Brown’s Patuxent-related records underscore the deep impacts of medical authority on incarceration. They also highlight that—as scholars such as Susan Burch, Kylie M. Smith, Liat Ben-Moshe, Ayah Nuriddin, Anne E. Parsons, Jonathan Metzl, and Nancy Tomes have suggested—histories of the detention of people with mental illnesses and disabilities, and of people convicted of crimes, have long overlapped.
While Brown’s records focus heavily on mental health, they also hint at connections between health policy, the welfare state, and imprisonment. A 1971 meeting with the staff of a Public Health Service (PHS) Hospital in Fort Worth, Texas, which had been established three decades earlier to offer treatment to people with substance use disorders, is revealing. Within months, Brown told attendees, the PHS would be handing over the property to the Bureau of Prisons (BoP). The closure of the PHS hospital, he noted, indicated a federal commitment to a “community approach” rather than “direct care in far-away institutions.”
Although Brown emphasized the merits of deinstitutionalization, the Fort Worth facility did not simply close; it transitioned. And the nature of its transition is crucial. Elsewhere at the NLM, in the Public Health Service Hospitals Historical Collection, for example, lists of hospital closures from the 1940s through the 1970s show that Fort Worth was hardly unique. The federal government appears to have increasingly rescinded the role of providing care in its own hospitals during the same years it (like state governments) began devoting more resources to imprisonment.
The Fort Worth story hints at a larger context, illuminated by NLM records: as access to public health services, entitlements, and health insurance became increasingly precarious in the free world in the final decades of the twentieth century, higher numbers of people—especially from marginalized groups—were criminalized and incarcerated. And activists and practitioners called attention to both prisons and jails as sites of public health catastrophe. For example, the 1977 Proceedings of the 1st National Conference on Improved Medical Care and Health Services in Jails, reveal that, in the wake of a rash of prison uprisings in the early 1970s, groups like the American Medical Association (AMA), the American Bar Association, the National Jail Association, and the American Correctional Association studied, acknowledged, and centered “the poor quality of medical services in institutions, particularly in jails.” The AMA’s survey of more than 2,000 jails nationwide revealed that many featured “outmoded facilities, inadequate staffs, limited funds and uninterested doctors.” Findings like those justified the establishment in the 1970s and 1980s of health-related rules and standards for correctional institutions. The latter, often flouted by prison and jail administrators who prized local control, failed to alleviate the varied and dire health threats of incarceration.
Four decades ago, John Lewis Gaddis in Strategies of Containment, juxtaposed historians who prioritize making broad generalizations and finding patterns (“lumpers”) with those who search out and analyze the exceptional (“splitters”).
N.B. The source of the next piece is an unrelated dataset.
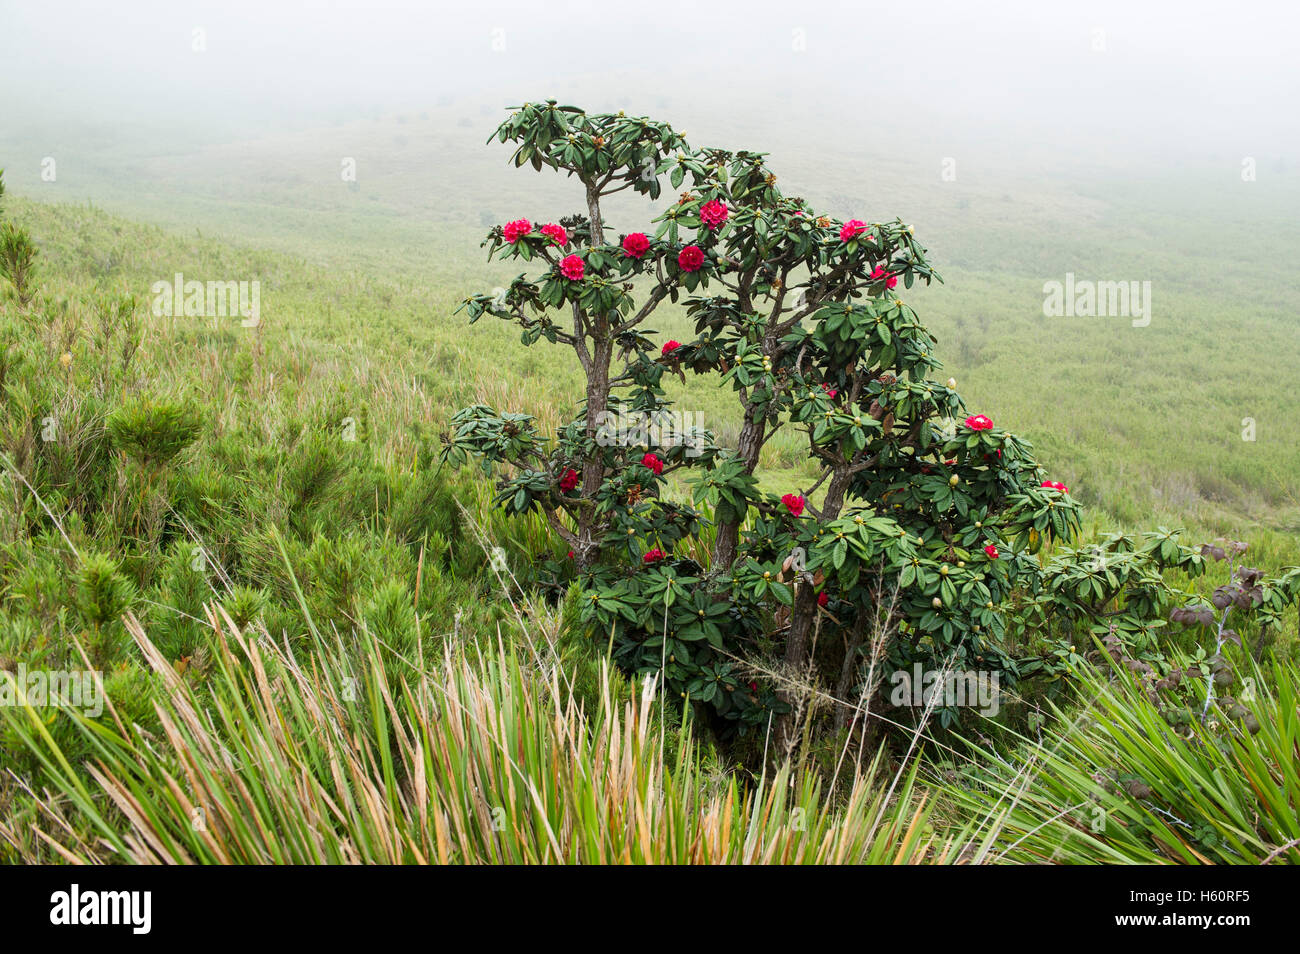 Rhododendron, Rhododendron arboreum, Horton Plains National Park, Sri Lanka - Stock Image

Both approaches have their peril and promise, Gaddis surmised, and both are “indispensable.” While the dichotomy might be overstated—after all, historians need to lump to effectively split, and they need to split to effectively lump—the general point is useful. The expansive resources at the NLM enable those wishing to tell national stories to both “split” and “lump”—to consider not just divides, but also ties, between federal, state, and local practices.
Jessica L. Adler, PhD, is an Associate Professor at Florida International University and a 2021 NLM Michael E. DeBakey Fellow in the History of Medicine.